Secondo, dagli effetti della salvezza umana. Come infatti dice S. Agostino, "è a discrezione di chi dona scegliere quando e quanto vuol donare. Perciò (Dio) venne quando stimò necessario soccorrere l'uomo e la sua opera ben accetta. Mentre un certo languore del genere umano aveva cominciato a cancellare tra gli uomini la conoscenza di Dio e a corrompere i costumi, si degnò Dio di chiamare Abramo, perché in lui si avesse l'esempio di un rinnovamento nella religione e nella morale. E poiché il culto divino era ancora troppo trascurato, diede per mezzo di Mosè la legge scritta. Avendola però le genti disprezzata con il rifiuto di assoggettarvisi, e non avendola messa in pratica neppure quelli che l'avevano accolta, mosso da misericordia, il Signore mandò il suo Figlio, perché, concesso a tutti gli uomini il perdono dei peccati, li offrisse santificati a Dio Padre". Se però questo rimedio fosse stato rimandato alla fine del mondo, sarebbe sparita del tutto dalla terra la conoscenza di Dio, il suo culto e l'onestà dei costumi.
Terzo, per il fatto che la dilazione non sarebbe stata conveniente a manifestare la potenza di Dio, la quale invece ha così salvato gli uomini in molte maniere: non solo con la fede del Cristo venturo, ma anche con la fede del Cristo presente e del Cristo già venuto.

SOLUZIONE DELLE DIFFICOLTÀ: 1. Quella Glossa parla della misericordia che conduce alla gloria.
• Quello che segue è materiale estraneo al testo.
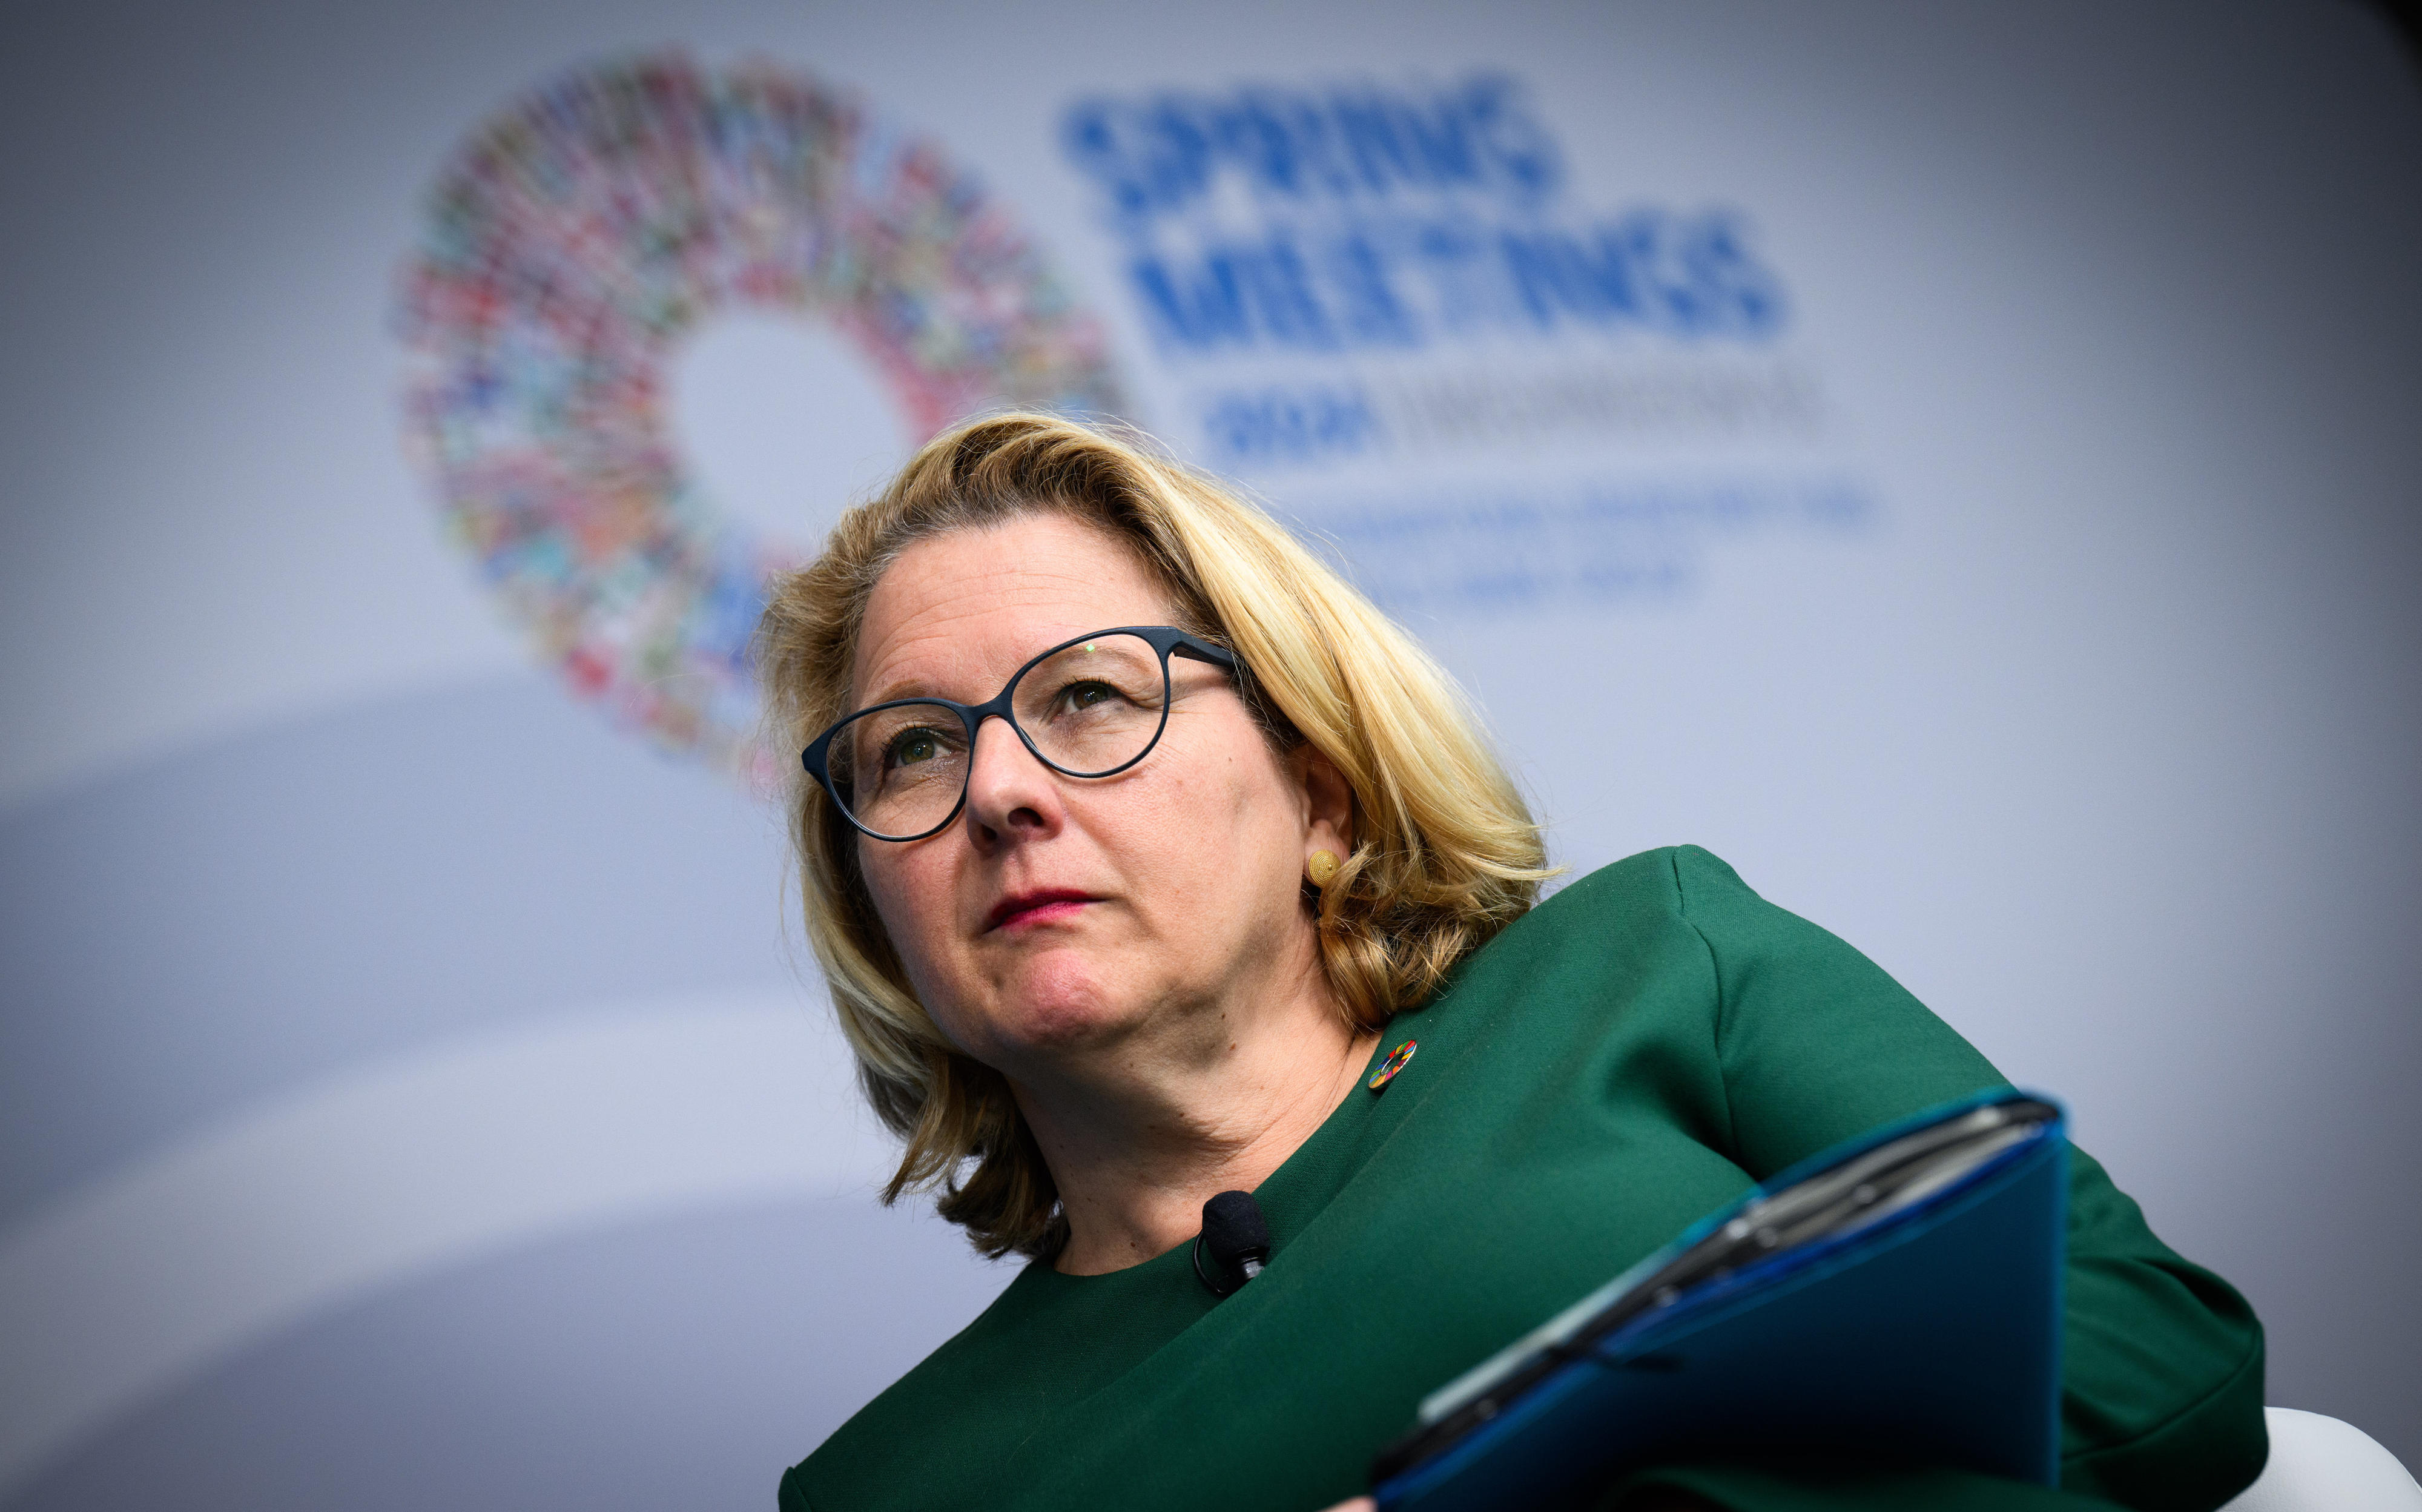 Svenja Schulze, Bundesministerin für wirtschaftliche Zusammenarbeit und Entwicklung, bei einer Podiumsdiskussion während der Frühjahrstagung der Weltbank 
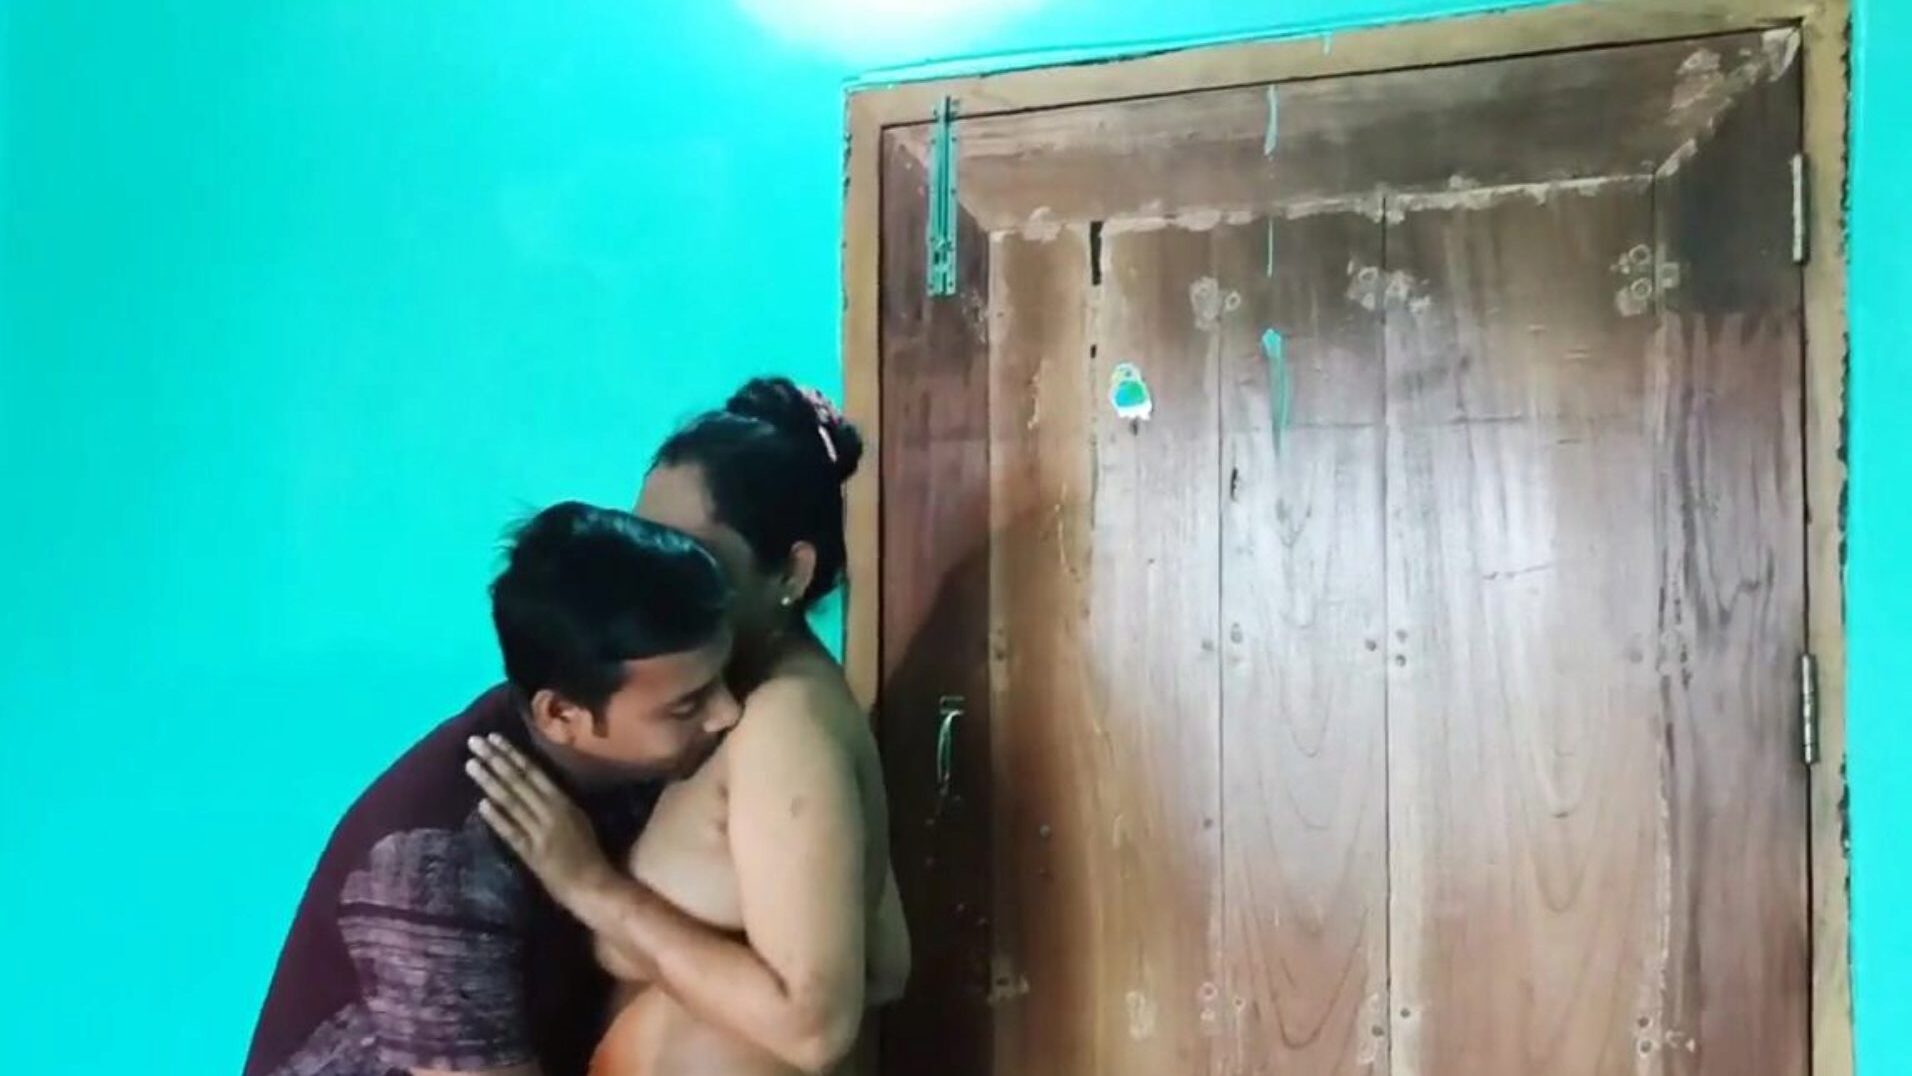 desi bengali sex video naked, free asian porn 6c: xhamster mira desi bengali sex video naked movie en xhamster, la página web de tubo de conexión en alta definición más gruesa con toneladas de sexo xxn asiático gratis y películas de porno anal

Se tuttavia si riferisse alla misericordia dimostrata verso l'umanità con l'incarnazione di Cristo, bisognerebbe notare con S. Agostino che l'incarnazione si può equiparare alla giovinezza dell'umanità "per il vigore e il fervore della fede, operante nella carità", e alla sua vecchiaia o sesta età "per il numero delle epoche, essendo venuto il Cristo nella sesta età del genere umano". E "sebbene nel corpo gioventù e senilità non possano essere contemporanee, lo possono essere però nell'anima: la giovinezza per la prontezza, la vecchiaia per la ponderazione". Perciò S. Agostino in un passo afferma, che "la venuta dal cielo del Maestro, la cui imitazione portasse l'umanità alla perfezione morale, non era conveniente se non nell'età della giovinezza", mentre in altro passo dice che il Cristo è venuto nella sesta età, ossia nella vecchiaia del genere umano.
2. L'incarnazione va considerata non soltanto come termine di sviluppo dall'imperfetto al perfetto, ma anche come causa di perfezione nella natura umana, secondo le spiegazioni date.
3. Rispondiamo con il commento del Crisostomo alle parole evangeliche, "Dio non ha mandato il suo Figlio nel mondo per giudicare il mondo": "Due sono le venute di Cristo: la prima a rimettere i peccati, la seconda a giudicare. Se non avesse fatto così, tutti si sarebbero ugualmente perduti, perché tutti hanno peccato e sono privi della gloria di Dio". È chiaro dunque che egli non doveva rimandare la sua venuta misericordiosa alla fine del mondo.